(b) Crude oil

4:08 describe how the industrial process of fractional distillation separates crude oil into fractions

  • Crude oil is separated by fractional distillation.
  • Crude oil is heated and the oil evaporates.
  • The gas goes into the fractional distillation tower. As the gas rises the temperature falls.
  • Fractions with higher boiling points condense and are collected nearer the bottom of the tower.

 

4:09 know the names and uses of the main fractions obtained from crude oil: refinery gases, gasoline, kerosene, diesel, fuel oil and bitumen

Crude oil is separated into fractions by the process of fractional distillation.

FractionUse
Refinery gasesBottled gas
GasolineFuel for cars
KeroseneFuel for aeroplanes
Diesel OilFuel for lorries
Fuel OilFuel for ships
BitumenRoad Surfacing

4:10 know the trend in colour, boiling point and viscosity of the main fractions

The boiling point increases as the number of carbon atoms (chain length) increases.

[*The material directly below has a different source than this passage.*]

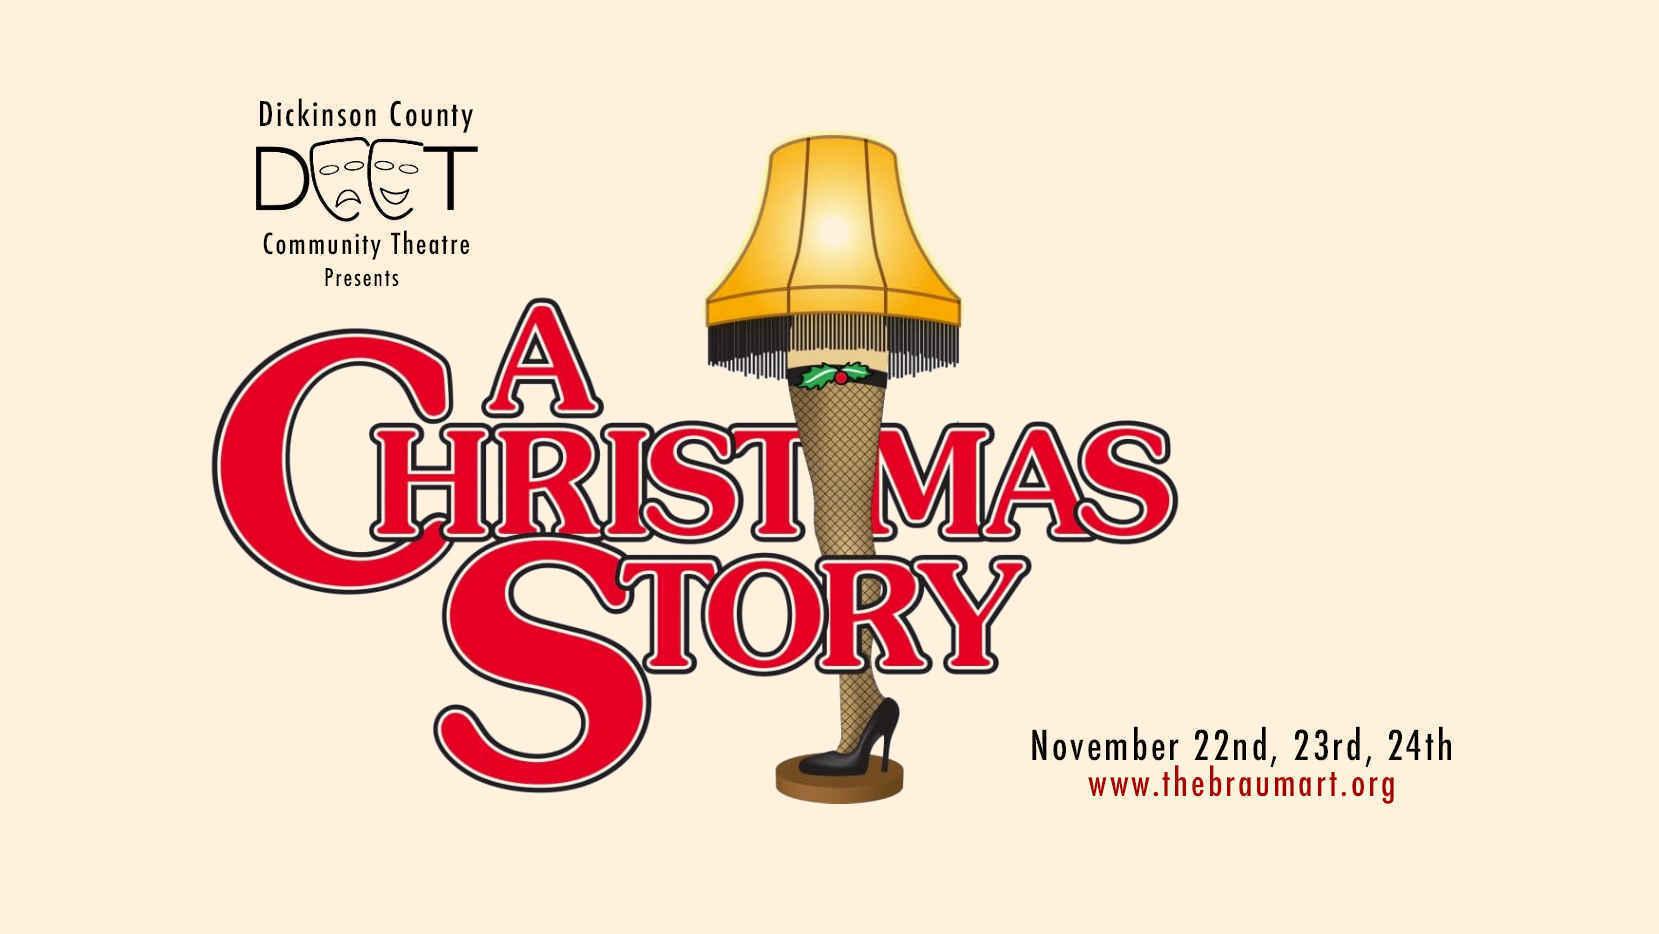 DCCT Presents A Christmas Story (November 24th Matinee) image

The viscosity increases as the number of carbon atoms (chain length) increases.

The greater the number of carbon atoms (chain length), the darker in colour that fraction is.

The viscosity of a fluid describes how easily it flows. Water has a low viscosity, it flows very easily. Crude oil has a higher viscosity than water, it does not flow very easily.

Fractions (in order)Properties
Refinery gasesSmallest molecules. Lowest boiling point. Lowest viscosity. Lightest in colour.
Gasoline
Kerosene
Diesel
Fuel oil
BitumenLargest molecules. Highest boiling point. Highest viscosity. Darkest in colour.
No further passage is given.